Posted: Tue Jul 10, 2007 10:21 am
by 8th
Chuck Norris and Mr. T walked into a bar. The bar immediately collapsed.
That amount of awesome cannot be contained.
[Chuck Norris jokes a reallllly old]
Posted: Tue Jul 10, 2007 10:23 am
by RH1NO
Chuck Norris is the reason why Waldo is hiding.
Posted: Tue Jul 10, 2007 10:23 am
by RH1NO
Chuck Norris gave Mona Lisa that smile.
Posted: Tue Jul 10, 2007 10:24 am
by RH1NO
Crop circles are Chuck Norris' way of telling the world that sometimes corn needs to lay the fuck down
Posted: Tue Jul 10, 2007 11:35 am
by precise
chuck norris went to a soccer game.. after realizing that no one had brought a ball he then convinced the referees to use a human baby instead. soon after he proceeded to bang every girl in the stadium
chuck norris decided to go and get an egg mcmuffin for breakfast. arriving 10 minits too late to be served anything off the breakfast menu, he got pissed, and kicked that mcdonalds so hard that it turned into a burger king
Posted: Tue Jul 10, 2007 11:39 am
by Lawgix
Chuck Norris' tears cure cancer. Too bad he has never cried.
Posted: Tue Jul 10, 2007 12:01 pm
by Cee4
People created the automobile to escape from Chuck Norris...Not to be outdone, Chuck Norris created the automobile accident.
Chuck Norris can sneeze with his eyes open.
Chuck Norris wears a live rattlesnake as a condom.
Chuck Norris invented the internet… just so he had a place to store his porn.
Chuck Norris once kicked a horse in the chin. Its decendants are known today as Giraffes.
Posted: Tue Jul 10, 2007 12:05 pm
by RH1NO
Chuck Norris clips his toenails with a chain saw. But he holds it backwards.
Posted: Tue Jul 10, 2007 12:05 pm
by RH1NO
Chuck Norris's belly button is actually a power outlet.
Posted: Tue Jul 10, 2007 12:07 pm
by RH1NO
Chuck Norris recently had the idea to sell his urine as a canned beverage. We know this beverage as Red Bull.

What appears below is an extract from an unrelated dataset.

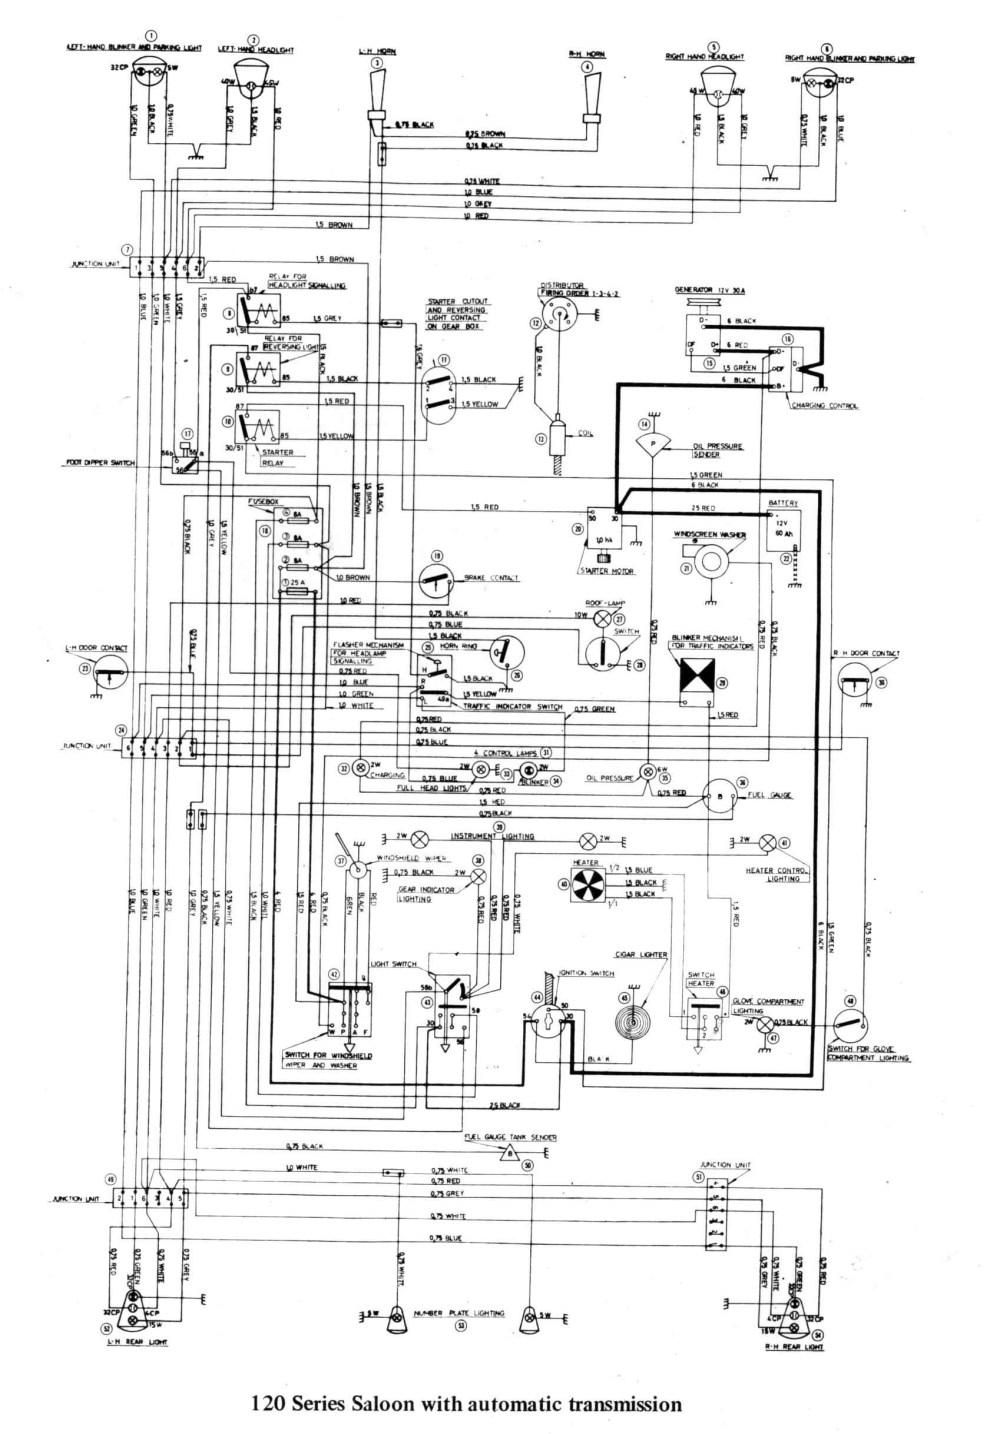 medium resolution of yamaha golf cart battery wiring diagram wiring diagrams for yamaha golf carts valid ezgo wiring
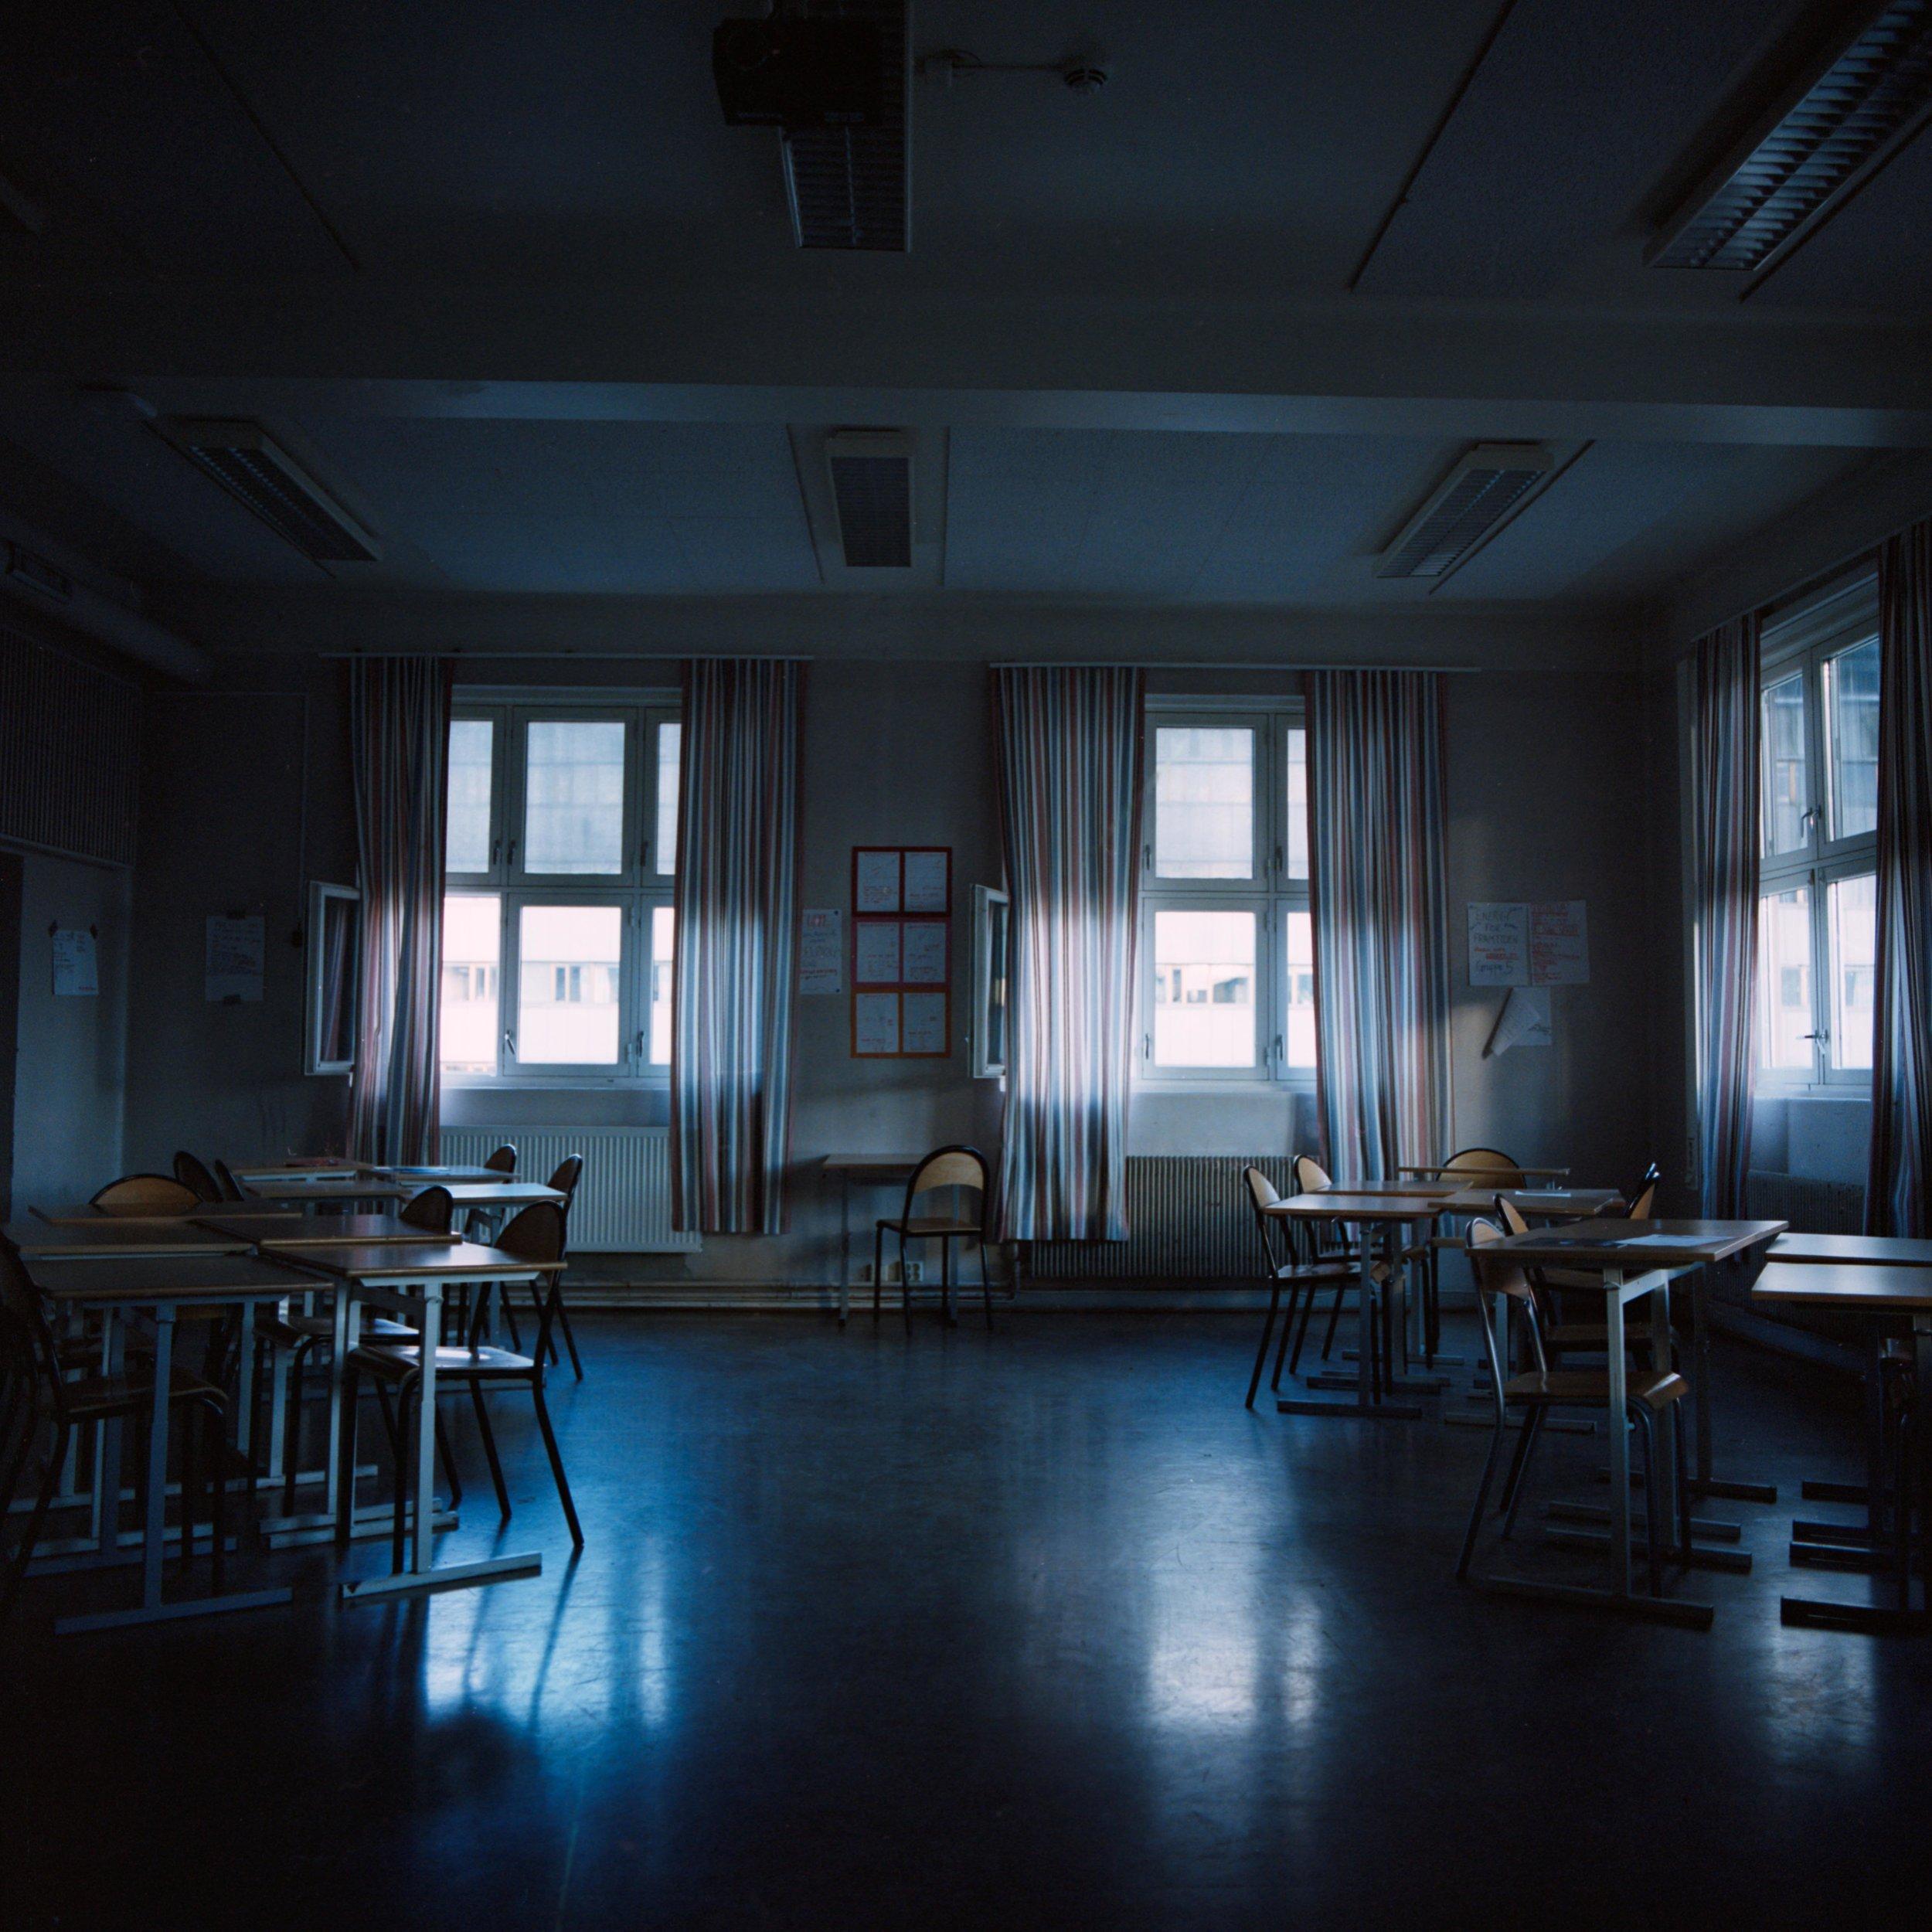 Classrooms2.jpg

Posted: Tue Jul 10, 2007 12:11 pm
by RH1NO
Chuck Norris built a time machine and went back in time to stop the JFK assassination. As Oswald shot, Chuck met all three bullets with his beard, deflecting them. JFK's head exploded out of sheer amazement
Chuck Norris once shot a German plane down with his finger, by yelling, "Bang!
To prove it isn't that big of a deal to beat cancer. Chuck Norris smoked 15 cartons of cigarettes a day for 2 years and aquired 7 different kinds of cancer only to rid them from his body by flexing for 30 minutes. Beat that, Lance Armstrong.
At the end of each week, Chuck Norris murders a dozen white people just to prove he isn't a racist.